A Logging-While-Drilling (LWD) device on a borehole environment
2) Advanced numerical methods for time integration of differential equations. This line of research seeks to analyze, design, and implement numerical integration methods for time evolution problems governed by differential equations whose solution cannot be obtained using conventional packages based on multistep methods nor Runge-Kutta schemes. We make an special emphasis on geometric integration methods and, in particular, methods for conservative problems. We are also interested on highly oscillatory problems. Among the application areas, we include classical mechanics, quantum mechanics, astrophysics, and molecular dynamics.
3) Applied optimization problems. The main objective is to carry out projects with companies, making technology transfer in the fields of optimization, simulation, operational research, and statistics.
4) Statistics. Used to validate and efficiently analyze real data and promote the transfer of the research in statistics to biomedical and experimental fields.
MAIN COLLABORATORS OF MATHMODE
Prof. Victor M. Calo, Curtin University, Australia. Topic: Time domain methods and Isogeometric Analysis (IGA).
Prof. Jay Gopalakrishnan, Portland University, USA. Topic: Numerical analysis.
Prof. Carlos Torres-Verdín, The University of Texas at Austin, USA. Topic: Geophysical applications.
Prof. Maciej Paszynski, AGH University of Science and Technology, Poland. Topic: Solvers of linear equations.
Prof. Luis E. García-Castillo, Univ. Carlos III of Madrid, Spain. Topic: hp-adaptivity.
Prof. Ignacio Muga, Pontificia Universidad Católica de Valparaíso, Chile. Topic: Semi-analytical 1.5D solutions.

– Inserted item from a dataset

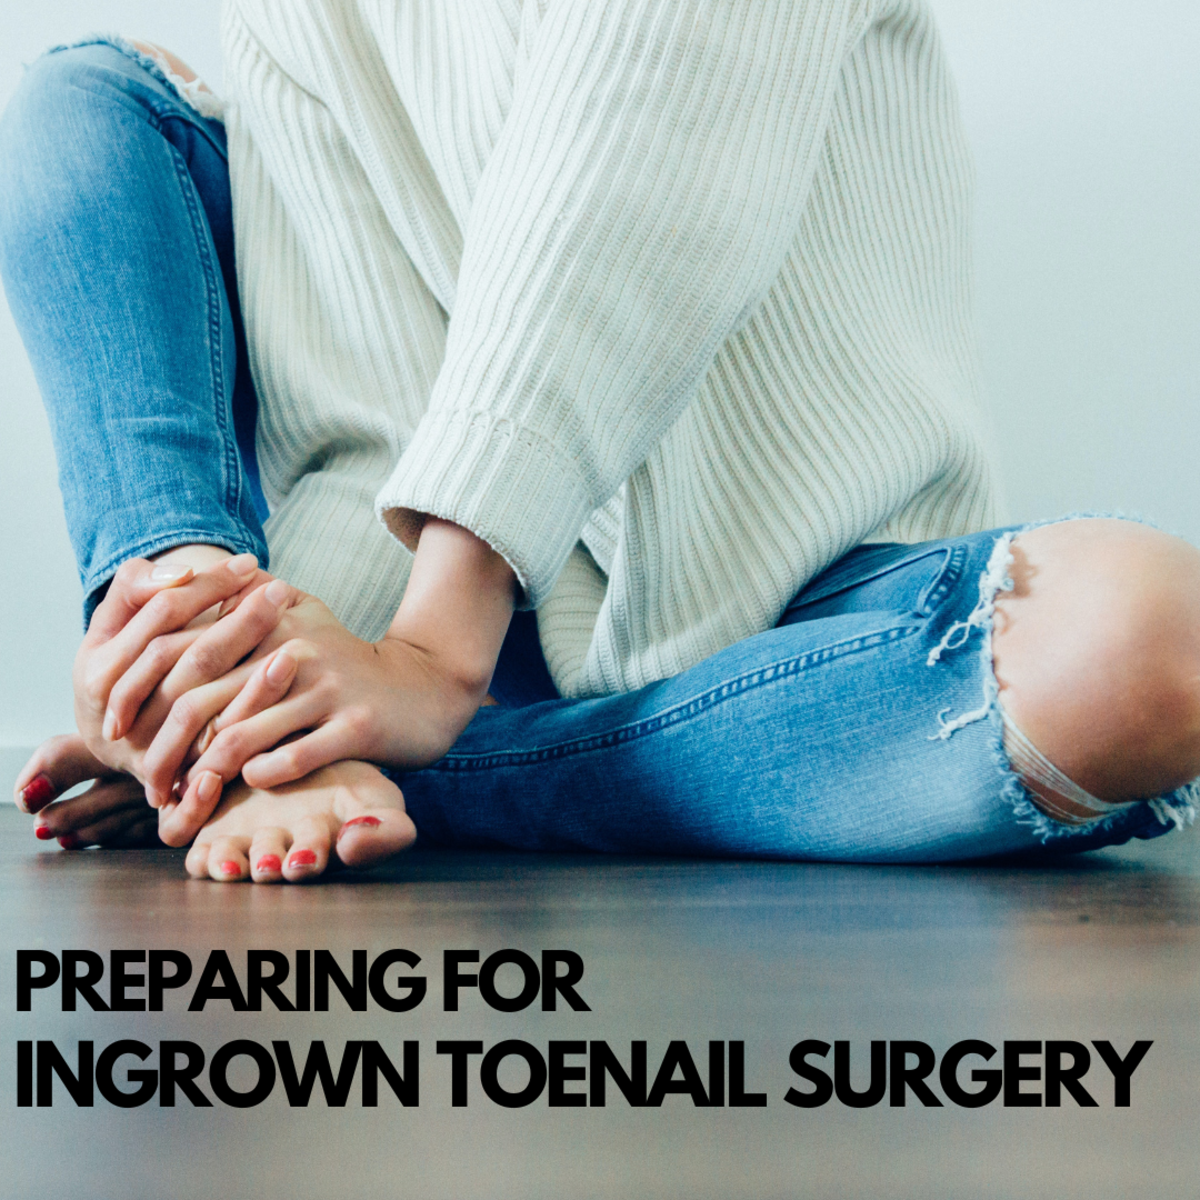 Ingrown toenail surgery does not always have to be as painful as it may seem.
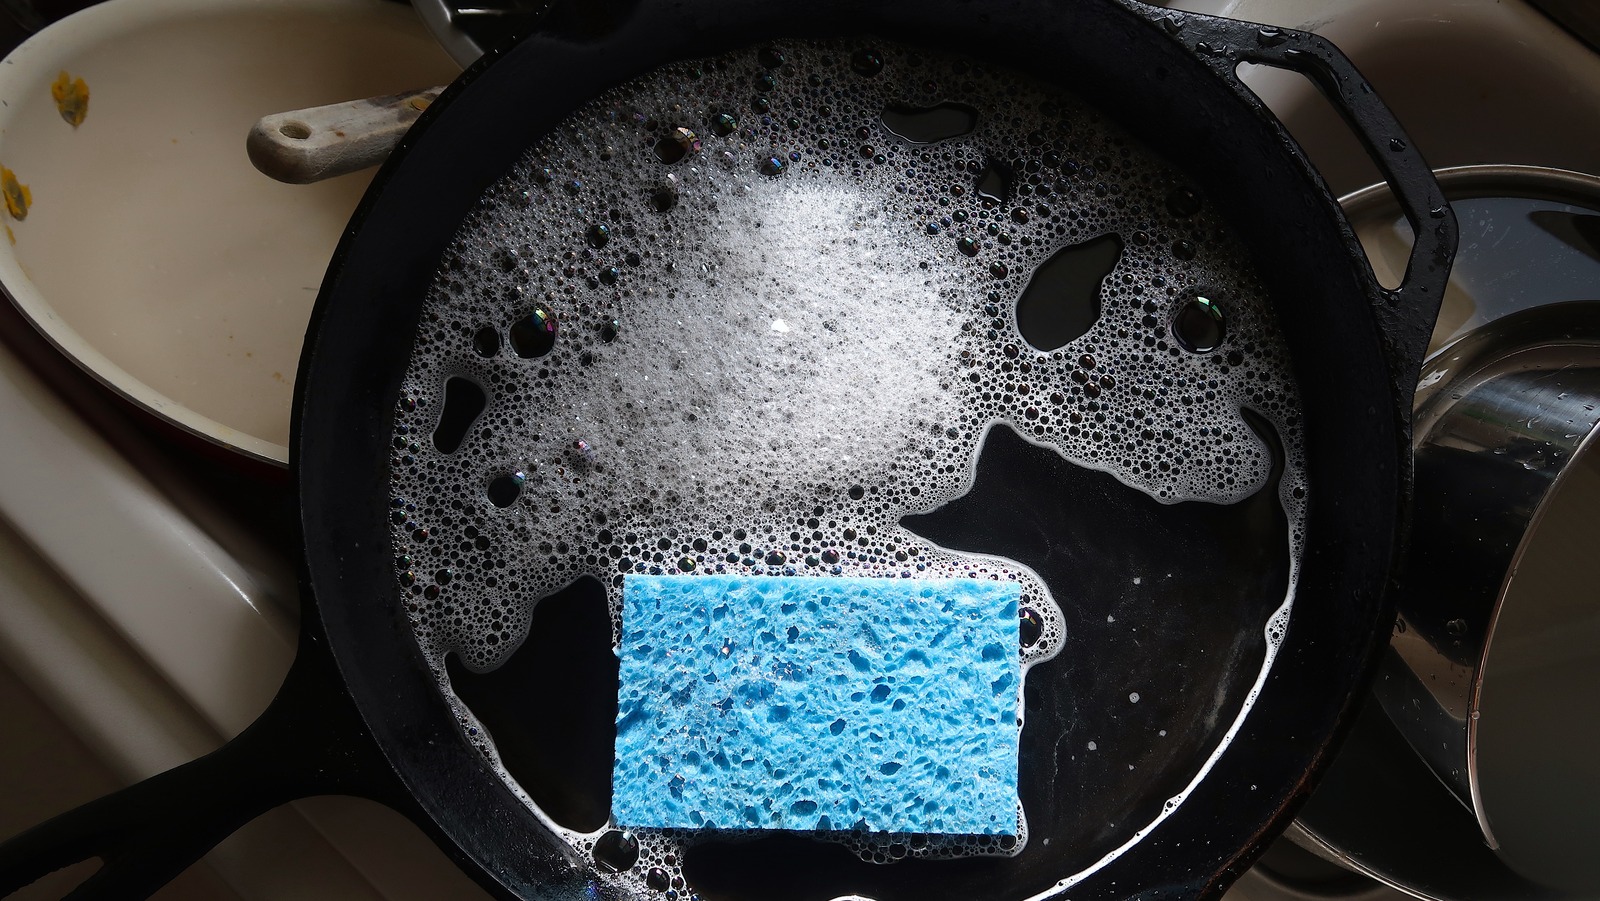 https://www.housedigest.com/img/gallery/is-it-a-good-idea-to-clean-your-cast-iron-pan-with-soap/l-intro-1700027651.jpg

Prof. Serge Prudhomme, Univ. Polythecnique Montreal, Canada. Topic: goal-oriented adaptivity.
Prof. Elena Akhmastskaya, Basque Center for Applied Mathematics, Spain. Topic: Monte Carlo methods.
Dr. Carlos Santos Molina, CTR Repsol, Madrid, Spain. Topic: Effective velocities of porous rocks.
Other collaborators: Adrián Galdrán (Portugal), Myung Jin Nam (South Korea), Vladimir Puzyrev (Australia), Pawel Matuszyk (USA), Leszek F. Demkowicz (USA), Helene Barucq (France), Julien Diaz (France), Carlos Jerez (Chile), Ignacio Gómez Revuelto (Spain), Josep de la Puenta (Spain), Pedro Diez (Spain), Juan Galvis (Colombia), Otilio Rojas (Venezuela), Juan Carlos Alfonso (Australia), Ricardo Durán (Argentina), Kris Van der Zee (UK), Pilar Queralt (Spain), Javier del Ser (Spain).